Audi’s R8 e-tron Possibly Doubles Battery Energy Density

Dean Sigler Electric Powerplants, Sustainable Aviation Leave a Comment provides an early view of Audi’s newest electric supercar and material from Audi’s press release regarding the vehicle.  Although much positive PR has been generated about the car’s new battery and its improved energy density, closer examination shows it’s about what we might expect, and close to what Tesla already offers.

Audi’s latest iteration of its R8 e-tron uses a “multimaterial Audi Space Frame,” variable geometry wheels which open and close to ventilate and streamline, and a battery pack which occupies the same space as the earlier model’s but which has twice the energy storage capacity.

The space frame includes a carbon fiber reinforced plastic (CFRP) rear-section module which comprises the luggage compartment, but also provides rear crash protection through corrugated walls.  This may also be a way to maintain security for the battery pack, which forms a “T” with the top bar forming a high wall behind the car’s two seats.  Battery modules stacked four-high might form a structural element, but need to be protected themselves.

Audi R8 e-tron's battery has "T" forming wall behind passenger cell

Audi R8 e-tron’s structurally-integrated battery has “T” forming wall behind passenger cell

The battery pack, which could store 49 kilowatt-hours in its original chemistry, has been developed to store 92 kWh in the latest version (the largest Tesla pack is 85 kWh) – at no increase in weight.  Energy density has increased from 84 Watt-hours per kilogram to 154 Wh/kg.  An on-board Combined Charging System (CCS) allows charging “with direct and alternating current” in “significantly less than two hours.”  The improved battery pack more than doubles the previous version’s 215 kilometer (133.6 mile) range to 450 kilometers (279.6 miles), putting the car in Tesla S territory.

The impressive part is the doubling of energy density, however, with a total package weight, including battery management systems, charging gear, and ancillaries certainly competitive with almost any other electric vehicle.  Audi is quiet about their proprietary chemistry, referring to it only as lithium-ion.   Tesla’s 85 kWh pack, for instance, weighs 1,323 pounds, or around 155 Watt-hours per kilogram.  Contrarily, much is being made of Audi’s doubled energy density, when the original’s batteries were based on at least six-year-old technology.  Dr. Yi Cui’s projection of an eight-percent improvement each year would come close to approximating this progress.  It would lead one to suspect that this is close to the best one can hope for with today’s best and very expensive technology.

Two 170 kilowatt (228 horsepower) motors provide 460 Newton meters (340 foot-pounds) of torque each, enabling 0-100 kilometers per hour (62.1 mph) in 3.9 seconds.  Its top speed is electronically limited to either 210 km/h (130.5 mph) or 250 km/h (155.3 mph).  Regenerative braking and related systems manage “high energy recuperation rates.”

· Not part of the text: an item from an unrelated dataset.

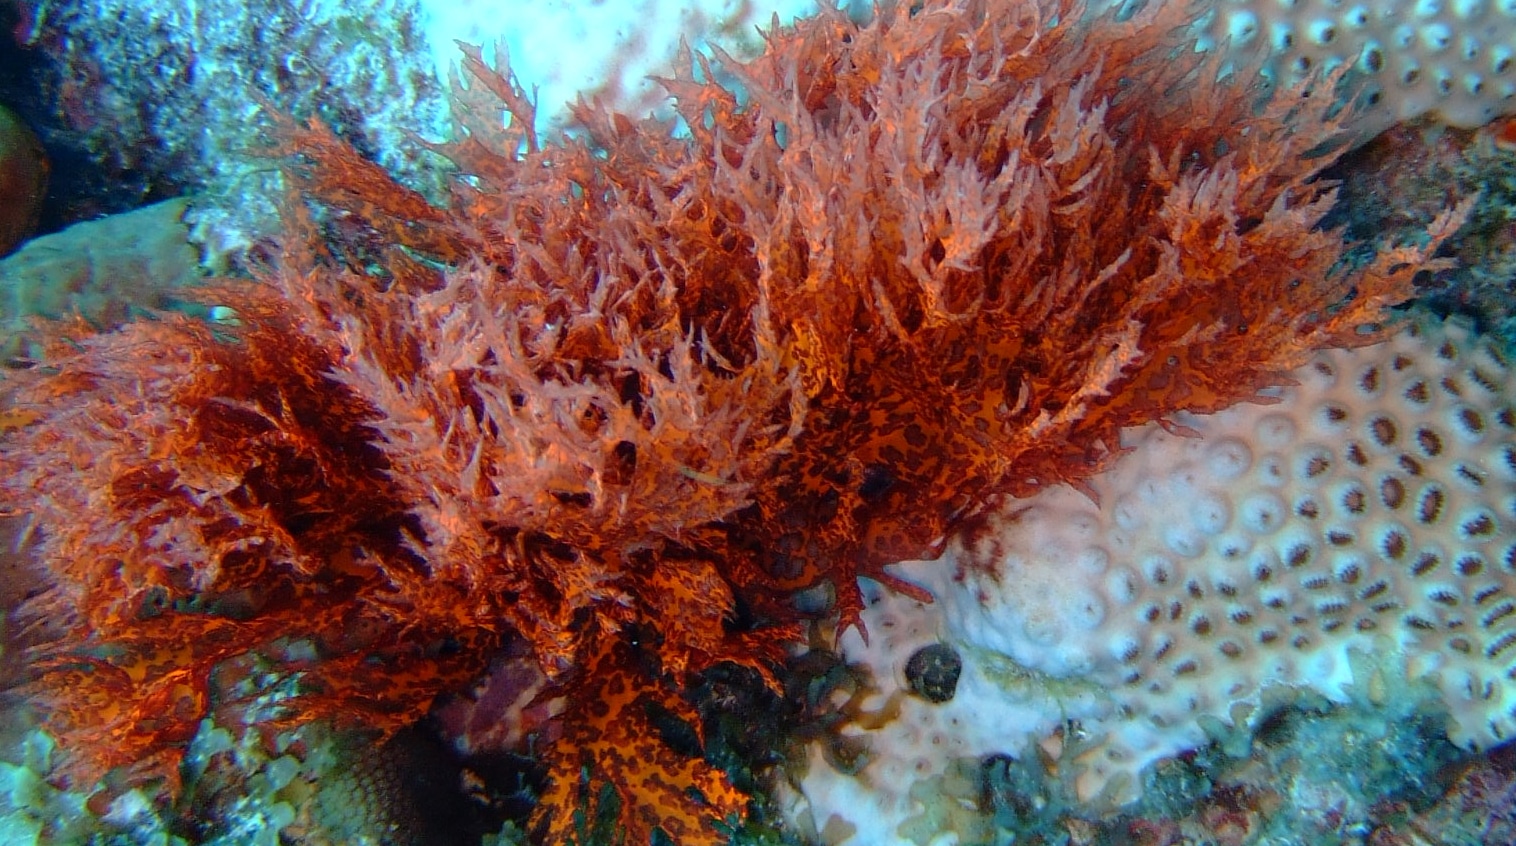 Røde alger er veldig karakteristiske

Audi's neatly done alternative production line integrates electric drive train into mostly same chassis used in V-10 internal combustion version

Audi’s neatly done alternative production line integrates electric drive train into mostly same chassis used in V-10 internal combustion version

Audi uses the order-built e-trons as a development tool, and may be putting lessons learned into a sedan that might give the Model S some competition.  Pricing will be high, though, with insiders suggesting $250,000 for each custom-built model.  The good news is that battery pack, though, with much smaller packs that might be used in light aircraft benefiting from the high energy density.

Competition does improve the breed, and sometimes provides benefits for adjacent technologies.